Each line from the one containing "abrigo conjunto barcelona" to the end of the data must be copied exactly, the first and last included; no other lines and no pictures belong in the copy.

**RECORDED INFORMATION**
* * * *
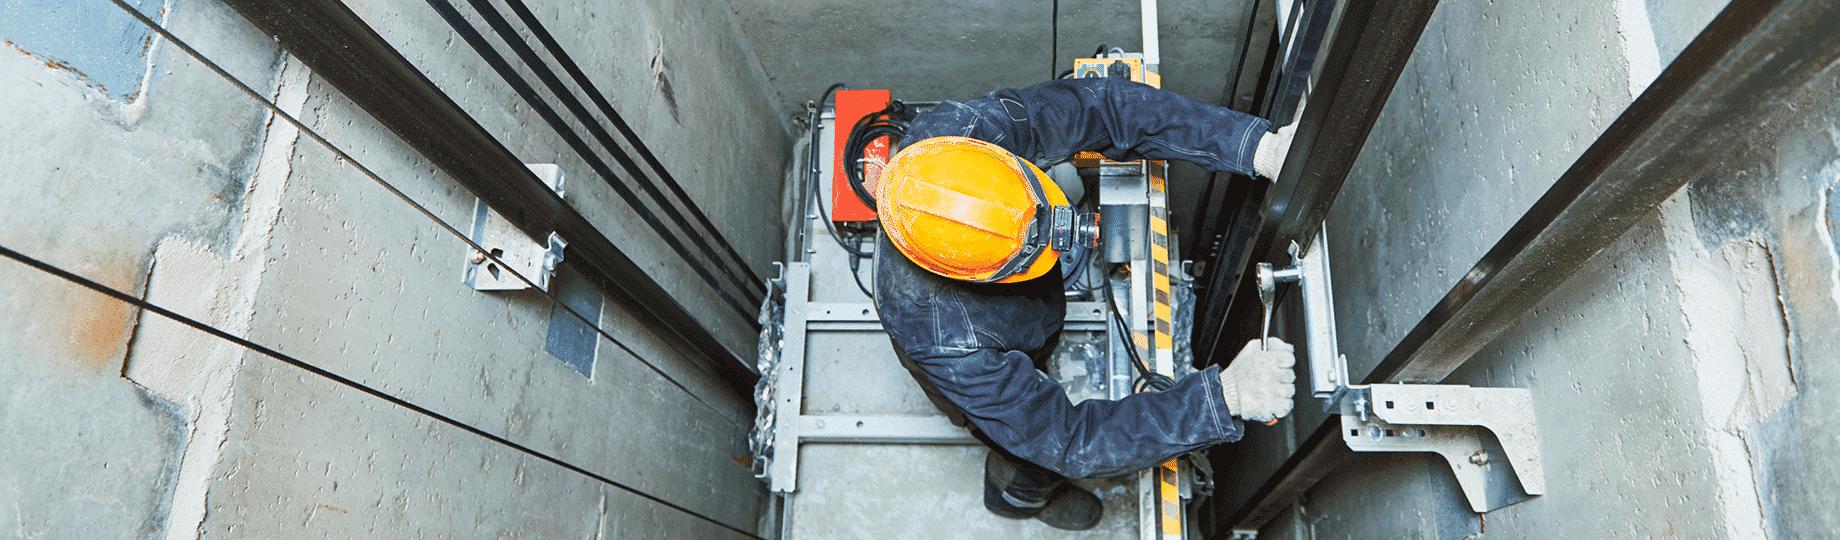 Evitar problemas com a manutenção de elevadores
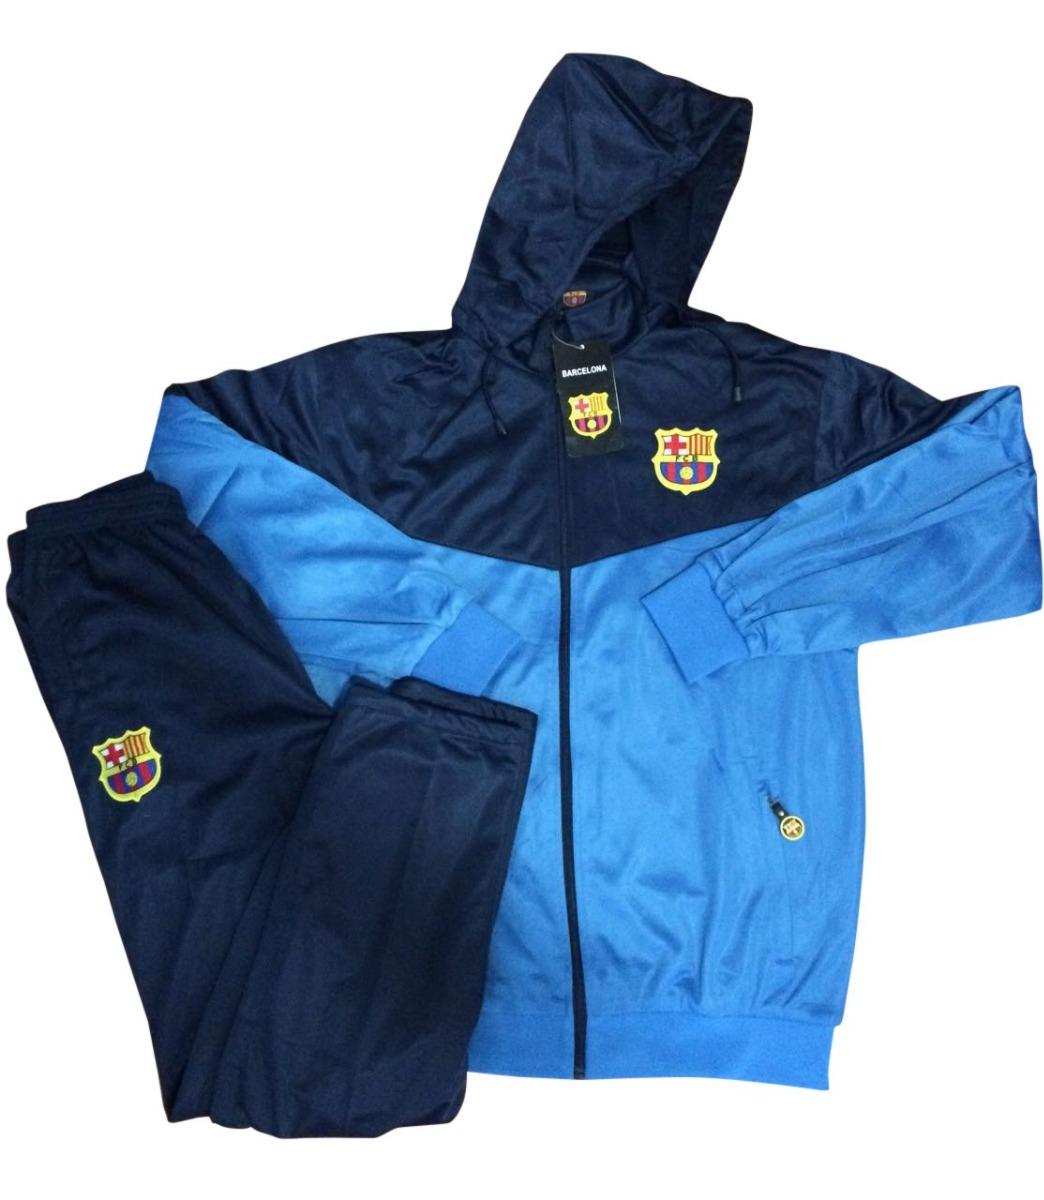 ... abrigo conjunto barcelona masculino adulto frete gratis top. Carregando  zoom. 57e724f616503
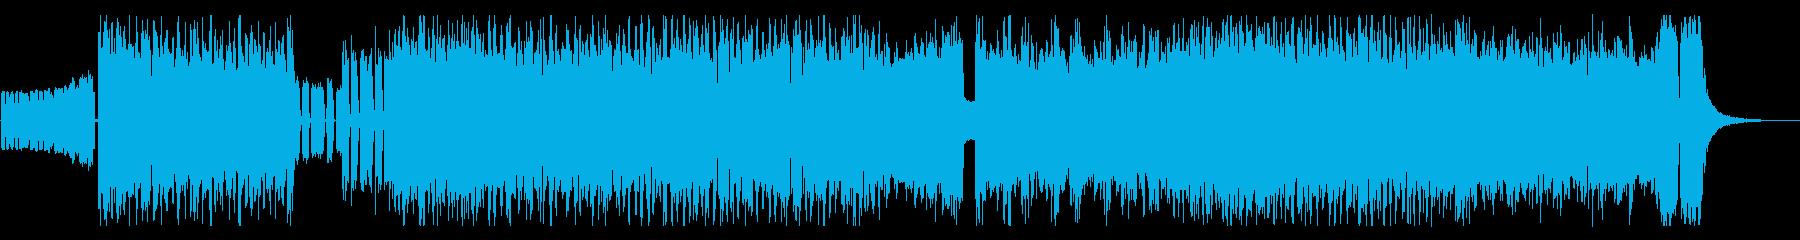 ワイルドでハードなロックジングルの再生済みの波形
* * * *
**EXPECTED ANSWER**
 ... abrigo conjunto barcelona masculino adulto frete gratis top. Carregando  zoom. 57e724f616503
 ワイルドでハードなロックジングルの再生済みの波形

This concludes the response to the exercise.